This project fine-tunes OpenAI's 4o-mini model to generate accurate SurrealQL queries from natural language prompts. The training data is organized into three syntax categories:
- Data Models
- Functions
- Statements
Each category contains more than 100 examples per version in JSONL format, including system prompts, user messages, and corresponding SurrealQL queries.
The following workflow explains how to contribute and add more valuable training datasets to this repository. By following these steps, you can help expand the collection of high-quality examples that improve the model's ability to generate accurate SurrealQL queries.
Create a base.jsonl
file with the following structure:
{
"messages": [
{
"role": "system",
"content": "system_message"
},
{
"role": "user",
"content": "Write a query to get all persons email"
},
{
"role": "assistant",
"content": "SELECT email FROM person;"
}
]
}
Use OpenAI's o1 Model to expand the dataset, following the syntax instructions.
python3 extract_queries.py ./statements/select/01-base.jsonl
Test extracted queries in Surreallist.app using the demo dataset.
python3 inject_schema.py ./statements/surreal-deal-store-min.surql ./statements/select/01-base.jsonl
This merges the schema with the system prompt, ensuring schema-compliant queries.
Schema (surreal-deal-store-min.surql):
DEFINE TABLE product SCHEMAFULL;
DEFINE FIELD name ON product TYPE string;
Output (01-patch.jsonl):
{
"role": "system",
"content": "You are a helpful AI assistant that generates SurrealQL queries based on the following schema:\n\nDEFINE TABLE product SCHEMAFULL;\nDEFINE FIELD name ON product TYPE string;\n\nGenerate SurrealQL queries based on this schema."
}
Upload the prepared dataset to OpenAI's platform and fine-tune the 4o-mini model following the fine-tuning guide.
A fine-tuned model capable of generating accurate SurrealQL queries from natural language, adaptable to specific schemas.

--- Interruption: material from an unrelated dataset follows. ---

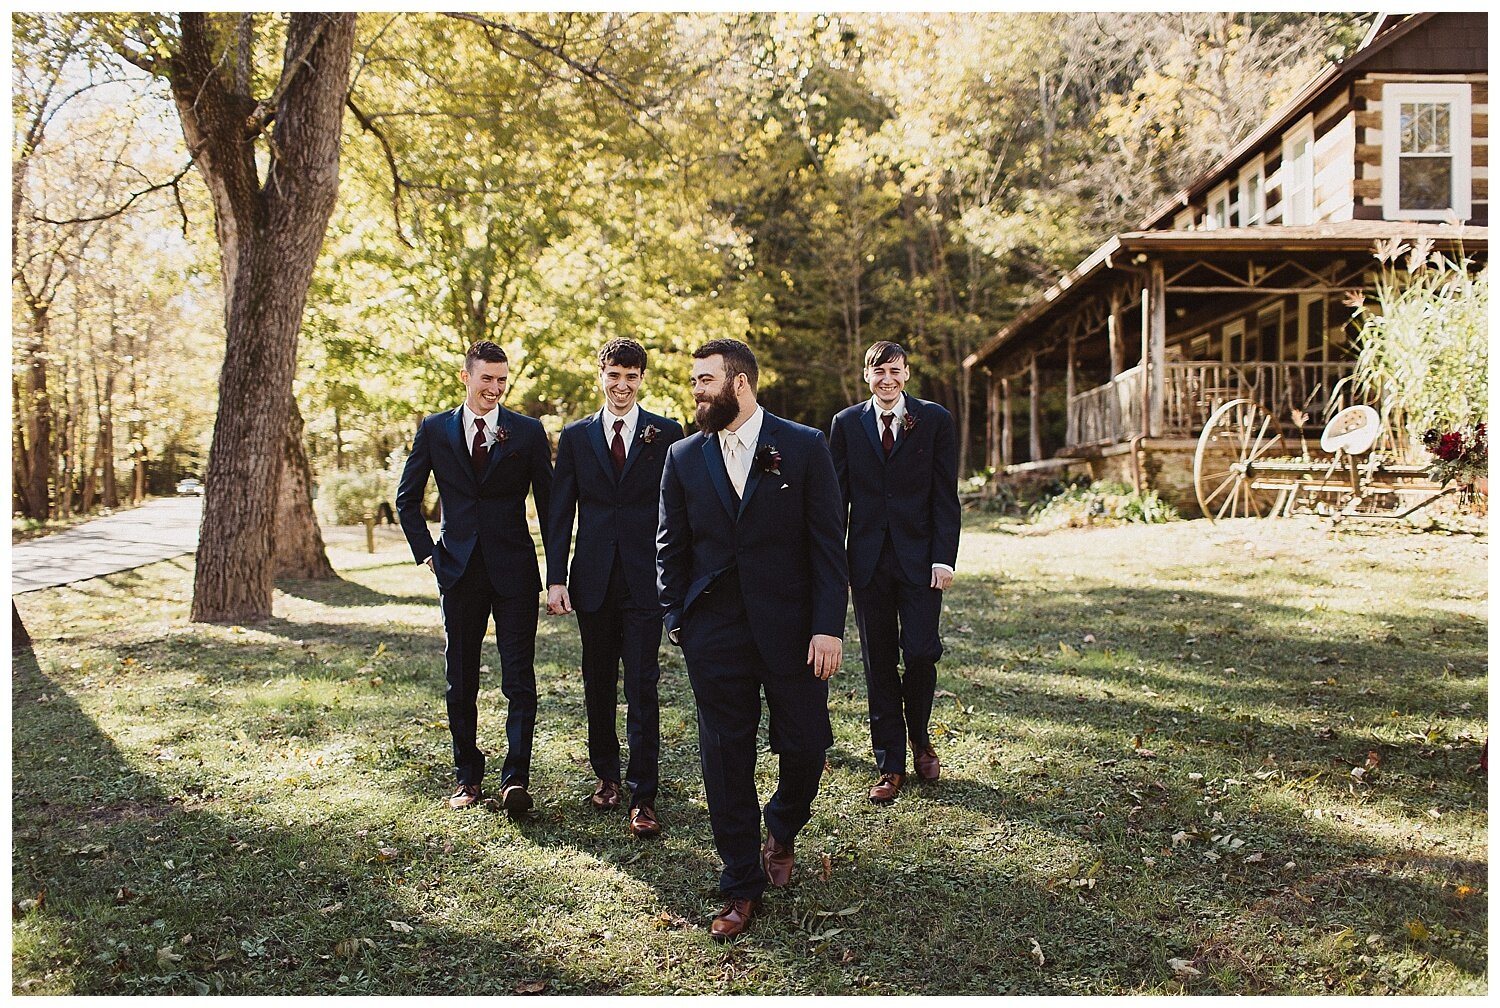 the groom and groomsmen at The Old Barn at Brown County wedding venue

The fine-tuned model can serve as the foundation for a powerful AI agent specialized in SurrealQL query generation:
-
Schema-Aware Query Assistant
- Automatically adapts to any provided database schema
- Generates contextually relevant and syntactically correct queries
- Understands relationships and constraints defined in the schema
-
Natural Language to SurrealQL
- Translates plain English requests into optimized SurrealQL queries
- Handles complex query requirements while maintaining schema compliance
- Provides explanations and alternatives for generated queries
-
Query Optimization Agent
- Suggests performance improvements for existing queries
- Recommends appropriate indexes based on query patterns
- Identifies potential bottlenecks in query execution
-
Interactive Query Builder
- Guides users through query construction
- Offers real-time suggestions and corrections
- Validates queries against schema constraints
This agent could be integrated into various tools and platforms, making SurrealDB more accessible to developers of all skill levels.